Dr Thomas Stuttaford answers your questions on pregnancy in older women



Please note that Dr Stuttaford isn’t familiar with all the circumstances in individual cases and can only deal with the points raised in general terms. Patients should always discuss any specific problems they have with their own doctors





What age is considered ‘old’ for pregnancy? I understand that medically it is 27. I am 33 this year. Owing to illness and living abroad for the past four years, I have been unable to reach my career potential as originally planned. I am returning to the UK and to working this summer and am desperate to make progress and earn my own money again. However, both my husband and our families are keen for babies. How long do you think I can wait before getting pregnant? Sophie, Washington DC, USA

The age at which it is considered old to have a first child has varied in the fifty years that I have been in medicine. When I qualified any woman over thirty was described as an elderly primip (a woman having her first child) and most were very offended by the description. You are quite right. There was a stage where even thirty was considered later than is desirable but now I am glad to say 35 is the usually accepted age at which the problems of pregnancy are considered to be appreciably increased.

I don’t think you should postpone your pregnancy at all.

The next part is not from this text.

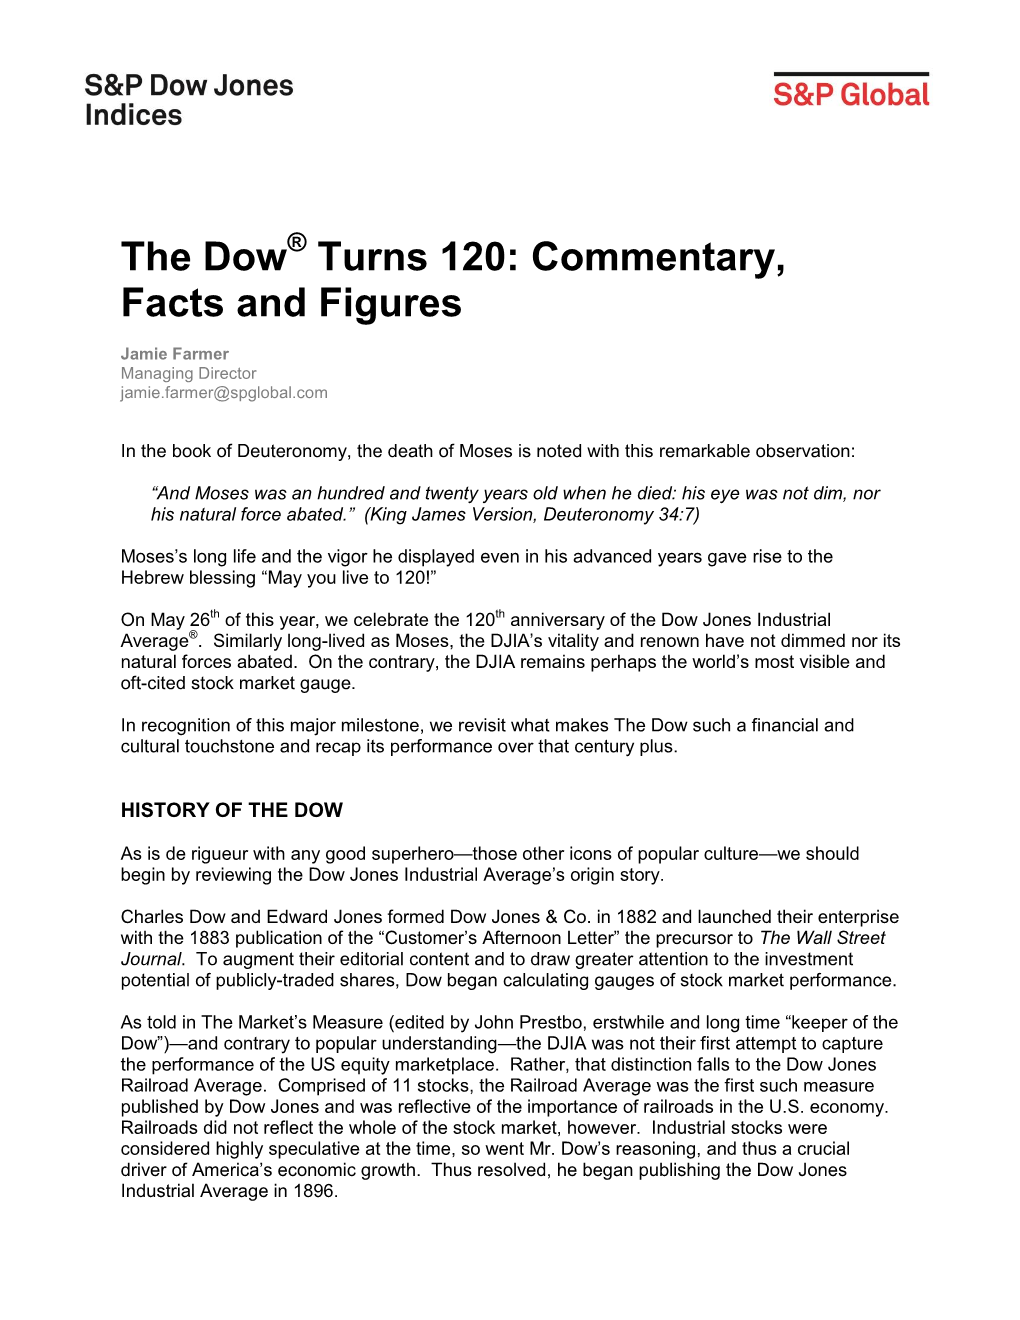 The Dow Turns 120: Commentary, Facts and Figures

Although the complications of pregnancy and delivery are not significantly increased until you are 35 fertility starts to fall around the age of 32. There is every chance that you will conceive straight away, but there is an ever increasing risk that as you grow older this becomes less likely. It is always difficult to combine family life with a career but it is often easier to achieve career success rather later, than it is sometimes to become pregnant in the late thirties. Good luck with both.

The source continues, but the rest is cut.